If I don't change my starter any time soon is it bad? Will it hurt the flywheel? or is it internal to the starter? Mine sounds like there's a bloody cat under the hood everytime I start it!
Thanks


----------



## Centurion (Sep 5, 2002)

MIne's been doing it for at least 50,000 miles, it hasn't gotten worse, so I'm not worried.


----------



## toolapcfan (Jul 10, 2002)

Mine did it for the three years I owned my "93 XE. My '93 SE-R did it too until I pulled the starter apart while I had it out to pull my tranny for a clutch. I took the starter apart and loaded it up with grease and put it back together. It didn't do it anymore for a few weeks, now it only does it when it's pretty cold out. From what I could tell in both cars, the flywheel is much harder steel than the starter gear, so the starter will take all the abuse, which is good, it's alot easier to change out a starter than it is to change out a flywheel. Considering how easy it is to pull a starter out of a GA16DE, I'd pull it out on a saturday and grease it up and put it back in. SR20DE starters you have to get underneath the car to get out, but other than that, not much harder to take out.


----------



## phil_minchoff (Oct 29, 2002)

My 94 had that bloody cat sound when I started it up for a few months, till one day I was just getting into my car in August to go to a show my club was doing, and my starter took a shit on me.

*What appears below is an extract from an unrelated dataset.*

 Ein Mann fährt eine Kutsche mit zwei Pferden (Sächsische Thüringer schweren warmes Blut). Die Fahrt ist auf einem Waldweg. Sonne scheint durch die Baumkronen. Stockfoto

All I can say is, its a cheap do it yourself job, so why not do it while your car is still starting- before you end up in my situation? You know it will always die when you have something important to do-


----------



## Joshb13sentra (May 13, 2002)

Who needs a starter? That's why we have push in go cars (5 speed). Used to have a volkswagen vanagon that the starter crapped out on what a pain to push and start.


----------



## toolapcfan (Jul 10, 2002)

Not on our cars though, clutch interlock prevents it. It can be bypassed though.


----------



## Geo (Apr 30, 2002)

toolapcfan said:


> *Not on our cars though, clutch interlock prevents it*


No it doesn't.


----------



## Geo (Apr 30, 2002)

Starter squeel is no big deal. Mine has done it for over 100k miles. It generally has nothing to do with starter failure.


----------



## toolapcfan (Jul 10, 2002)

> No it doesn't.


Really? So you don't have to have the clutch in for the ignition to work? The interlock must only keep the starter from turning over. I'll peek at my FSM when I get home. Good to know, thanks Geo. At least I know I can roll start if my starter craps out, without having to screw with that clutch interlock. I used to have to roll start my truck all the time when the starter had a dead spot in it. It had no interlock, you could start the truck in gear it you weren't paying attention.


----------



## Centurion (Sep 5, 2002)

Geo's correct. The clutch interlock only disables the starter, not the ignition.


----------



## phil_minchoff (Oct 29, 2002)

Just to prove this, when my starter died, we pushed it across the lot at the local supermarket and she started right up.


----------



## Pretty White (May 6, 2002)

Hell my starter is sooo bad that when it is raining it starts no problem. It will go a whole week no problem. Then a few days after it will take anywhere from 8-30 taps of the ignition to get it to turn over. My oil pressure sender T Tap is discouraging me from pulling the starter. But I will do it maybe next weekend. Now where are the bolts again, under the throttlebody? 

What I really hate is the alternator. Fucking antifreeze. Yuuuch!


----------



## cupdapimp (Nov 23, 2002)

I just got my SE-R a few weeks ago and it has a little squeal when I first start it, I am hoping to change it when I do the tune up.


----------